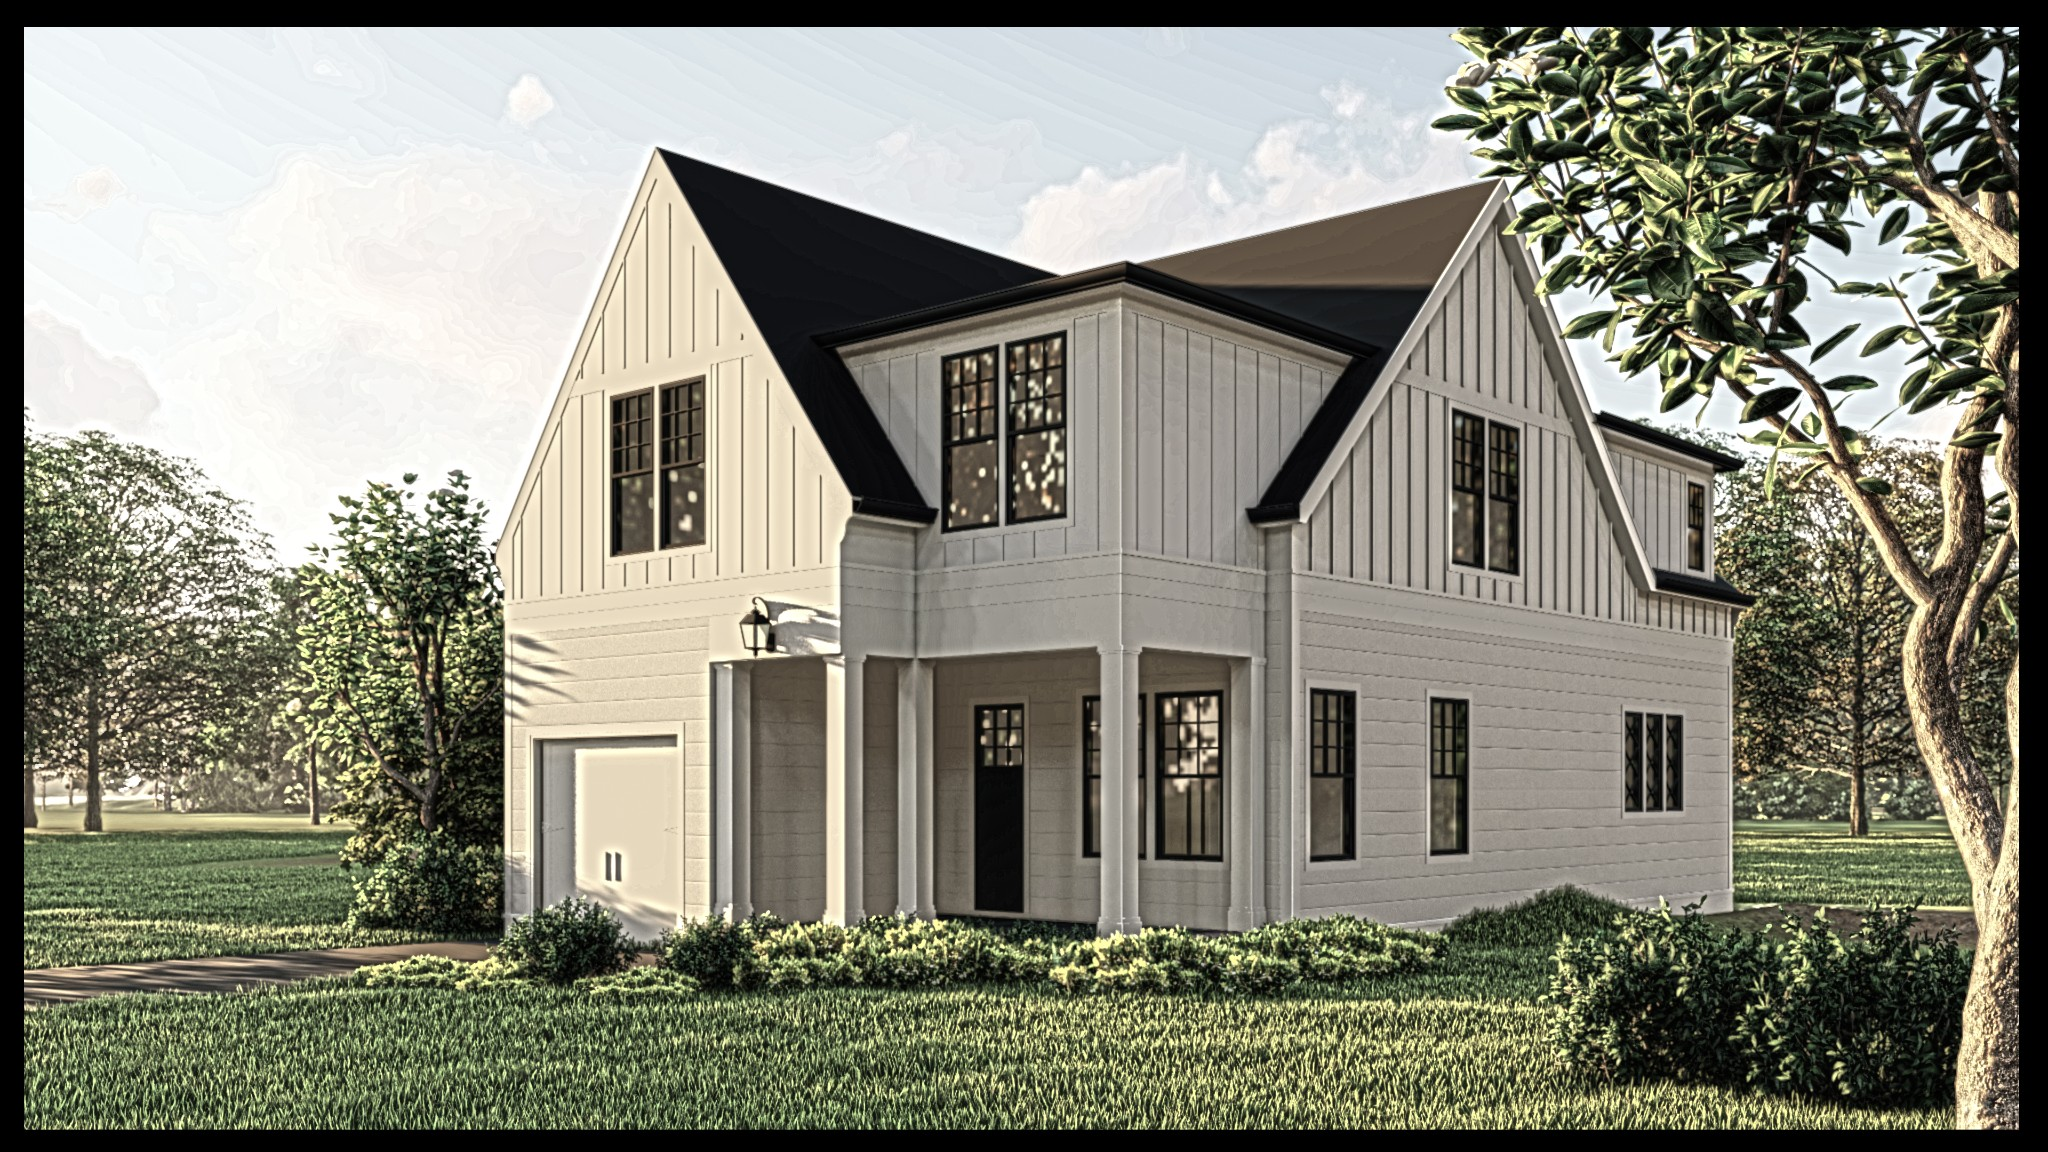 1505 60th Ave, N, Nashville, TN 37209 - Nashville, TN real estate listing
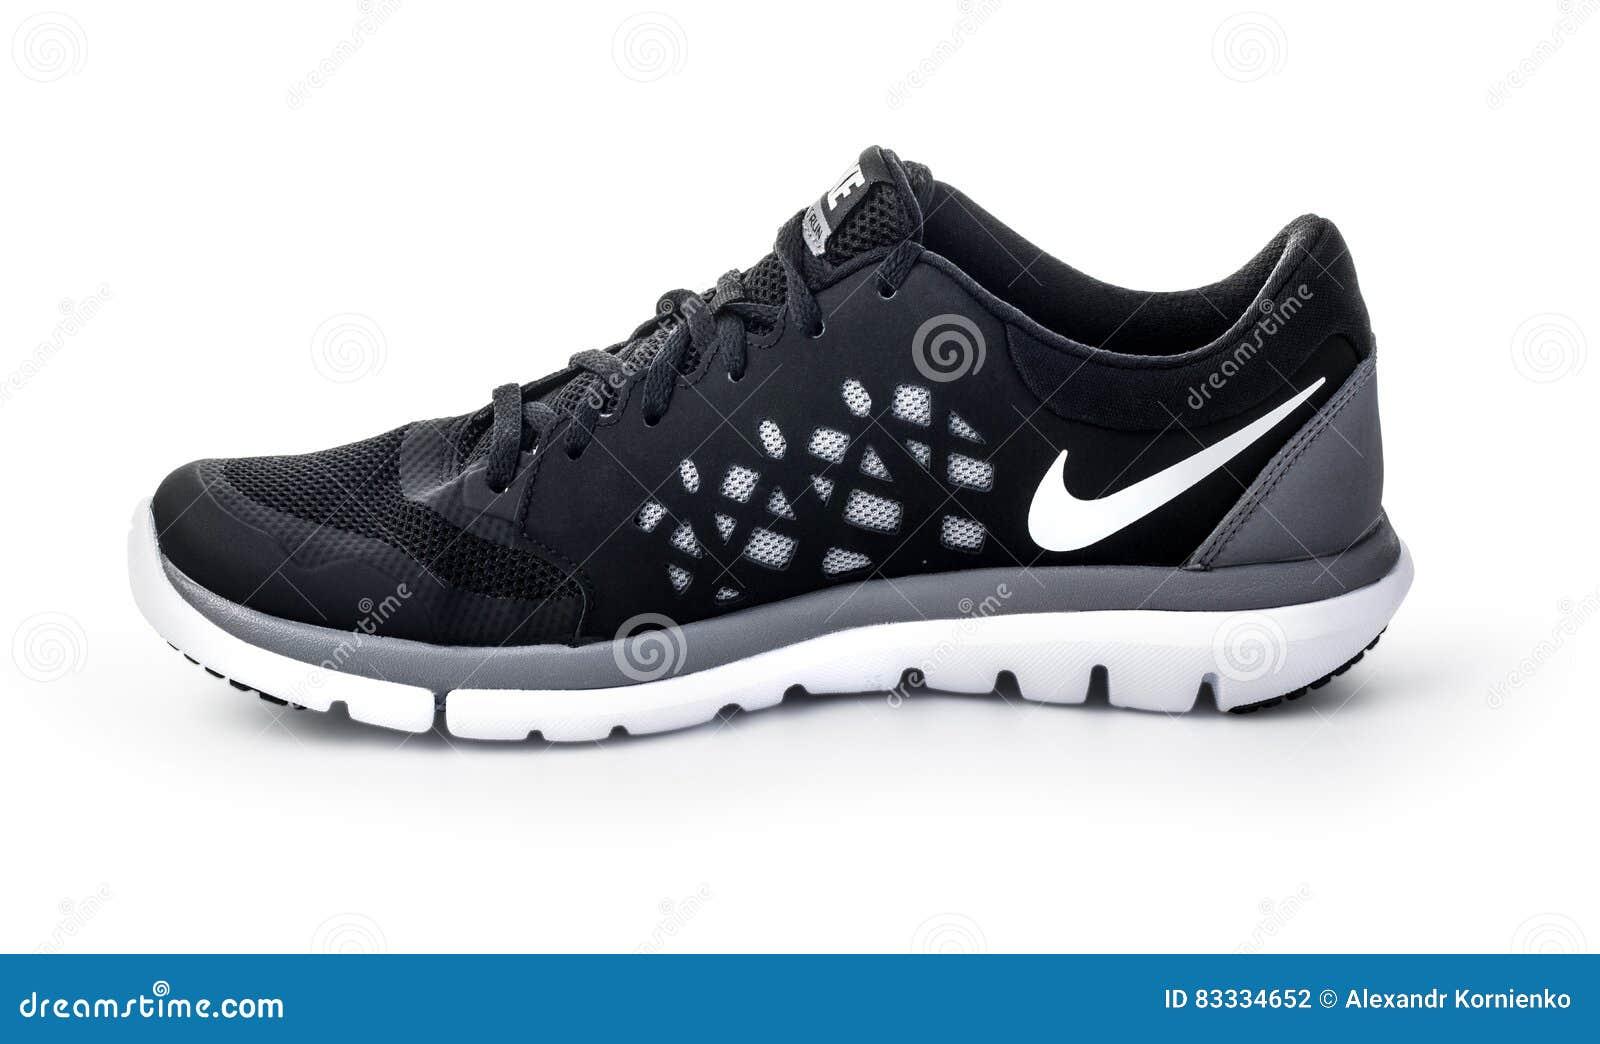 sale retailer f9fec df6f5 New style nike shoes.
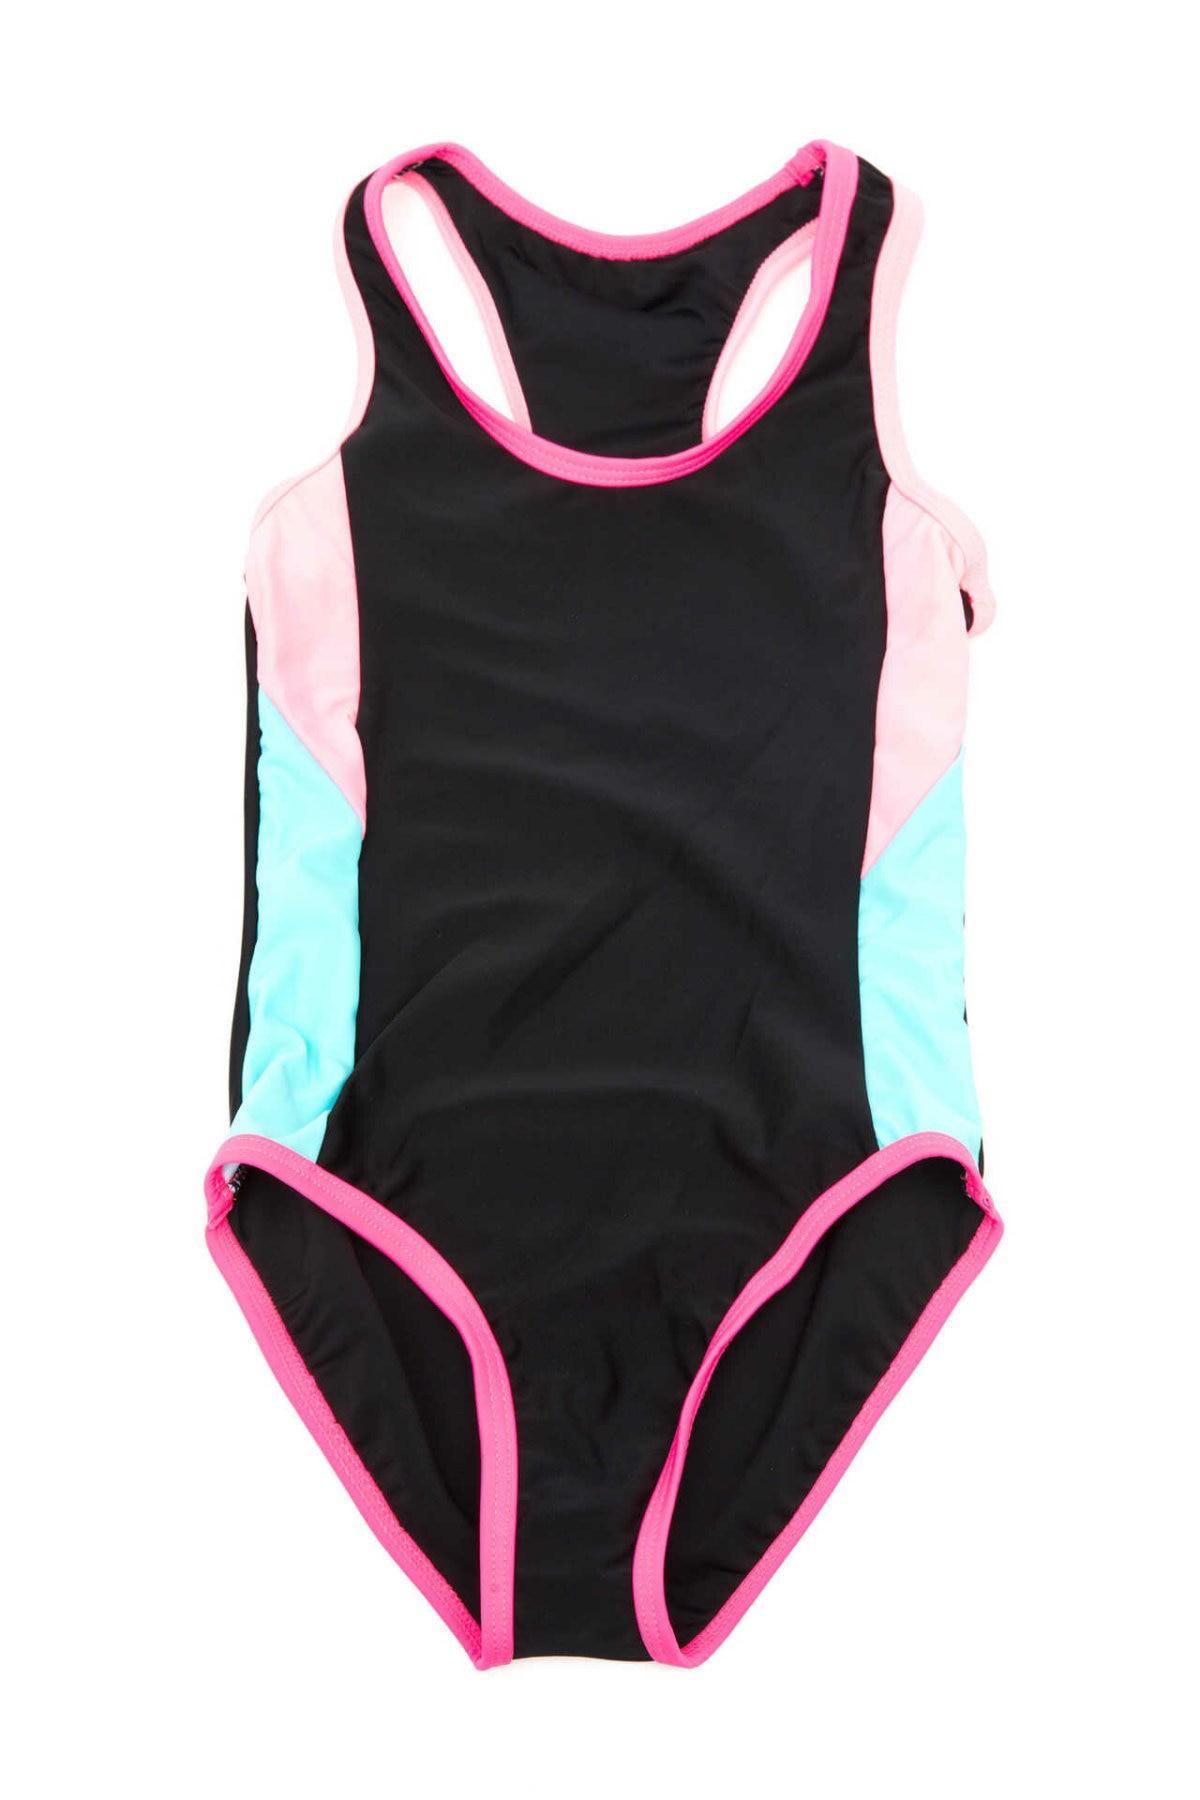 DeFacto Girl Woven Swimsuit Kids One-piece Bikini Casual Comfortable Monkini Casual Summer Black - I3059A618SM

## What this task involves
Only the lines from the one with "sale retailer f9fec" through the end of the listing above should be output, exactly as written and with no pictures.

## Reply
 sale retailer f9fec df6f5 New style nike shoes.
 DeFacto Girl Woven Swimsuit Kids One-piece Bikini Casual Comfortable Monkini Casual Summer Black - I3059A618SM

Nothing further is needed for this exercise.